The Yemini-owned cargo ship, MV Amani, with its seven crew members -- three Somalis, two Panamanians, and two Yemenis -- was released overnight on Tuesday after negotiations with the pirates holding it, Ali Abdi Aware, local official of the Somali region of Puntland, told Xinhua.

"Elders from the pirates' clan have been negotiating with them for the past days and have been successful in persuading their boys to let go the Yemeni ship without the need for a ransom payment," Aware said.

The MV Amani laden with steel, was hijacked in November in the Gulf of Aden by Somali pirates who attacked it as it travelled from the Yemeni port of Mukalla towards the southern Island of Socotra.

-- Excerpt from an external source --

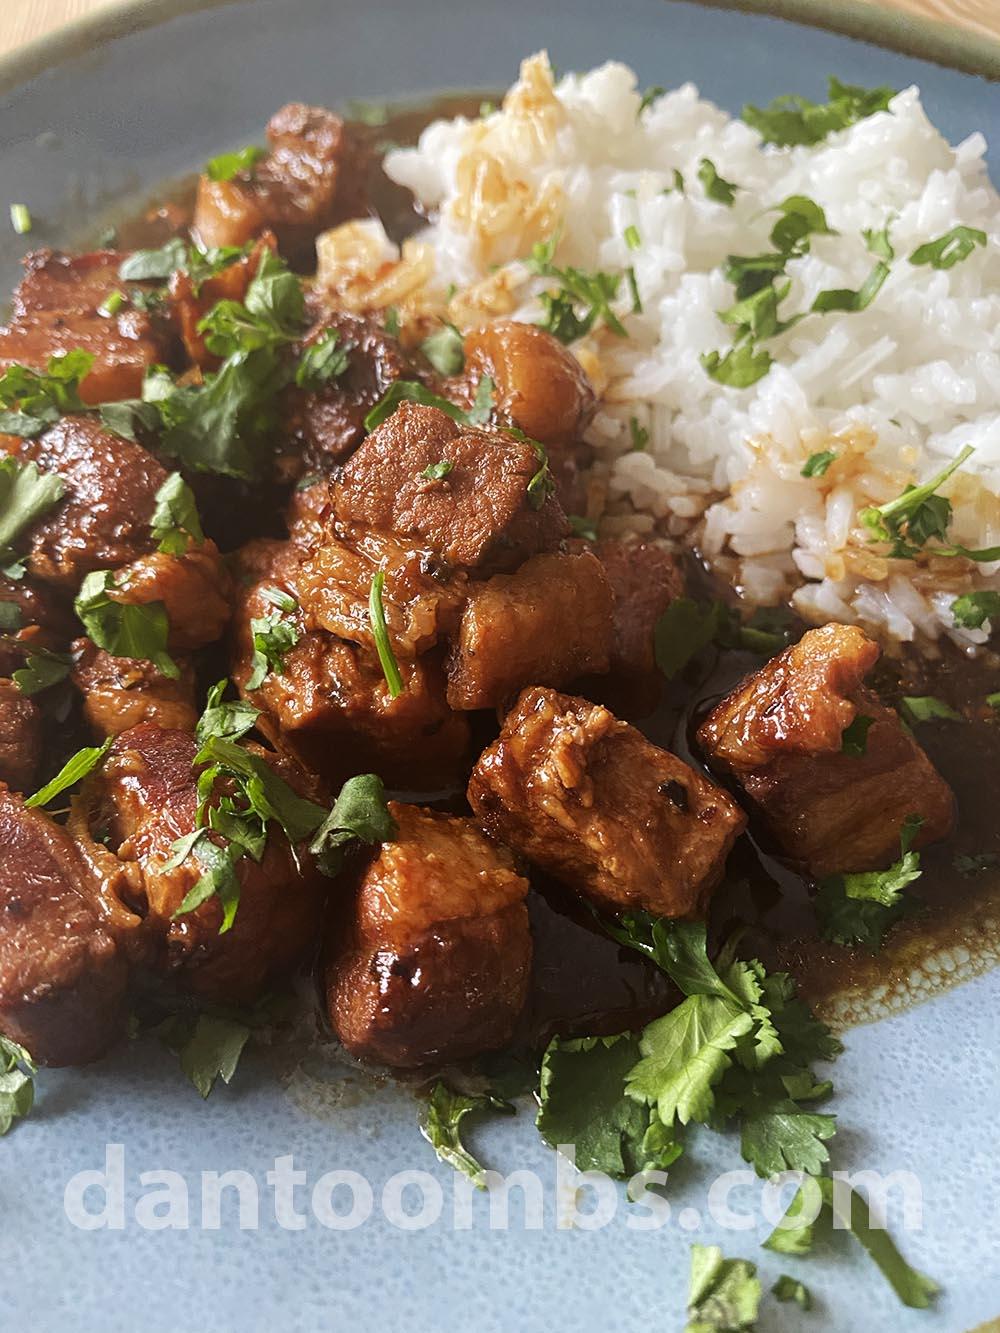 Moo hong - Thai pork belly stew

The ship was moored of the Somali port of Eyl, pirate strong- hold in Puntland, since it was abducted.

Yemeni ambassador to Somalia has travelled to the region with Somali president Abdullahi Yusuf Ahmed to push for the release of the ship which is partly owned by Somali businessmen.

Nearly 100 ships have been attacked off the coast of the war- torn Horn of African country while nearly 40 of them have been hijacked with nearly half of that figure, including the giant Saudi oil tanker and the weapons laden-Ukrainian cargo ship, still in the hands of Somali pirates.